The authors declare no conflict of interest.
This study was supported by a grant from the National Research Foundation funded by the Korean Government (No. NRF-2015 M3C1B1019479). Also, the KU Research Professor Program of Konkuk University supported this paper.
Appetite-related hormones and adipocytokines that are estimated to be affected by hypoxic conditions
|Hormone or adipocytokine||Function|
|GLP-1 (↑)||GLP-1 is thought promote satiety through several mechanisms, including slowing gastric emptying and enhancing insulin biosynthesis and secretion. Also, it decreases blood sugar levels in a glucose-dependent manner by enhancing the secretion of insulin.|
|Ghrelin (↓)||The hunger hormone ghrelin is a peptide hormone produced by ghrelinergic cells in the gastrointestinal tract that functions as a neuropeptide in the central nervous system and plays an important role in regulating the distribution and rate of use of energy.|
|Leptin (↑)||The hormone of energy expenditure leptin is a hormone predominantly made by adipose cells that helps to regulate energy balance by inhibiting hunger. Leptin is opposed by the actions of the hormone ghrelin and both hormones act on receptors in the arcuate nucleus of the hypothalamus to regulate appetite to achieve energy homeostasis.|
|PP (↑)||PP is a polypeptide secreted by PP cells in the endocrine pancreas predominantly in the head of the pancreas and it functions to self-regulate pancreatic secretion activities (endocrine and exocrine); it also has effects on hepatic glycogen levels and gastrointestinal secretions. PP has been shown to be reduced in conditions associated with increased food intake and elevated in anorexia nervosa.|
|PYY (↑)||PYY inhibits gastric motility and increases water and electrolyte absorption in the colon. It may also suppress pancreatic secretion and has been shown to reduce appetite.

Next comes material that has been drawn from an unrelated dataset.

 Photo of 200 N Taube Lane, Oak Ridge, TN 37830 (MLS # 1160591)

PYY works by slowing gastric emptying; hence, it increases efficiency of digestion and nutrient absorption after a meal.|
↑, increased secretion response by hypoxic condition; ↓, decreased secretion response by hypoxic condition; GLP-1, glucagon-like peptide-1; PP, pancreatic polypeptide; PYY, peptide YY.

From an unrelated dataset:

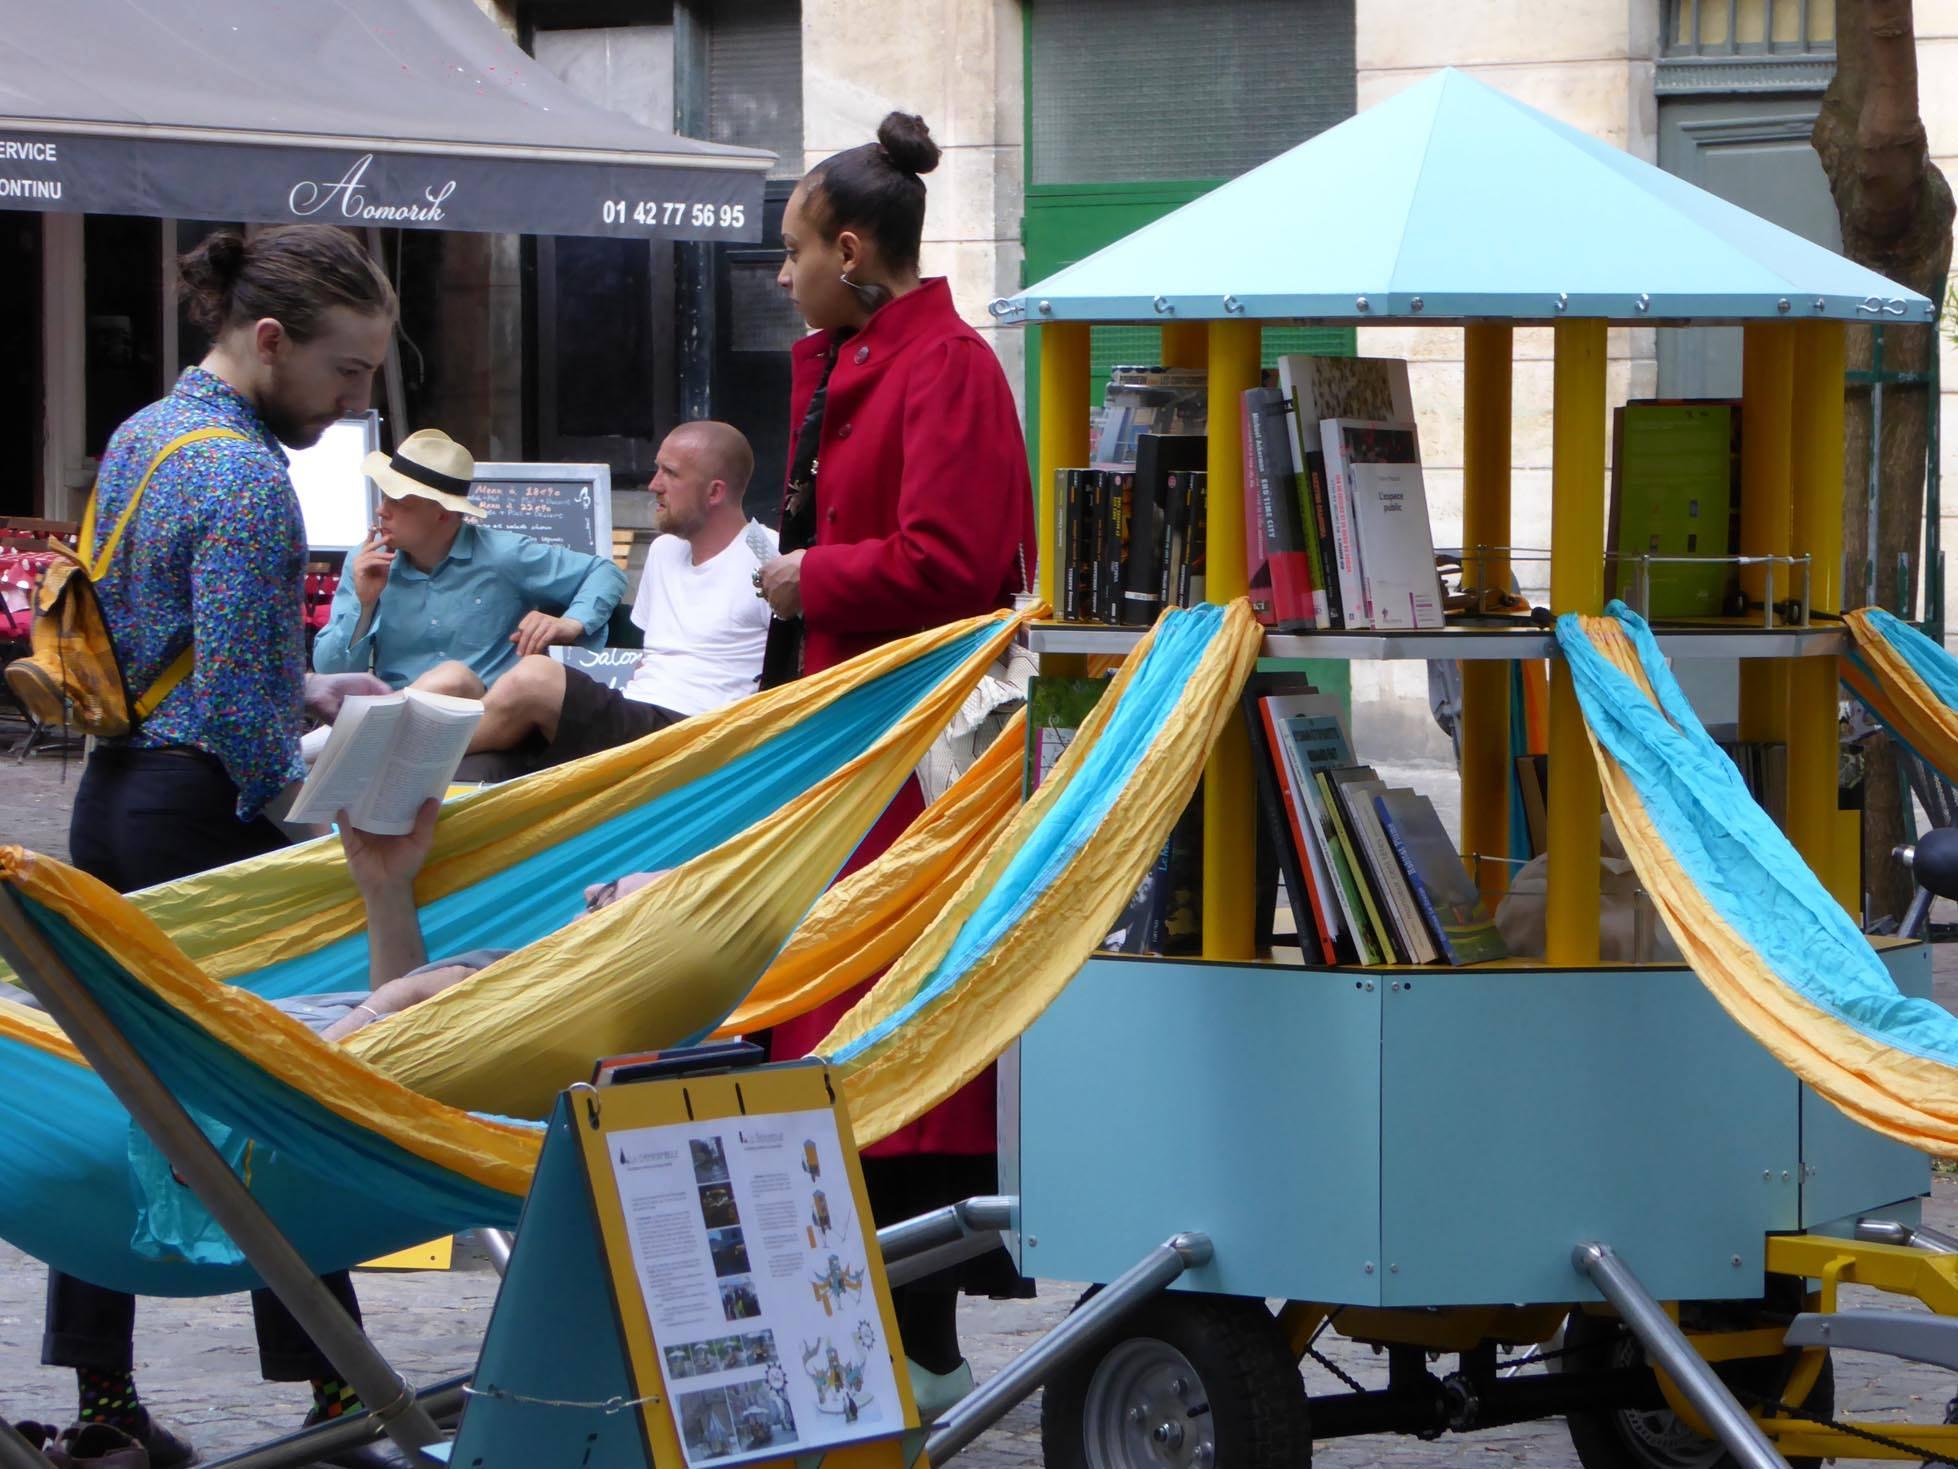 bibliambule bibliotheque mobile lecture

|Physiological response||Compensatory mechanism|
|Body weight-related response||Decreased resting leptin levels|
|Increased adrenergic system|
|Resting noradrenaline remains high posttreatment|
|Increased blood serotonin levels|
|Appetite is suppressed.|
|Cellular and metabolic response||Increased HIF-1 and VEGF expression|
|Increased glycolytic enzymes and number of mitochondria|
|Improved insulin sensitivity|
|Cardiovascular response||Increases resting and maximal heart rate|
|Increases peripheral vasodilation|
|Increases diameter of arterioles|
|Increases Hg–O2 affinity|
|Normalizes blood pressure|
|Increases lung diffusion capacity for CO and O2|
|Increases the CO2 reserve in sleeping|
|Decrease in SaO2 was smaller.|
|Ventilation response during exercise increased.|
|Improves respiratory function|
HIF-1, hypoxic inducible factor-1; VEGF, vascular endothelial growth factor; GLUT-4, glucose transporter-4; Hg, hemoglobin; O2, oxygen; CO, carbon monoxide; CO2, carbon dioxide production; SaO2, arterial O2 saturation.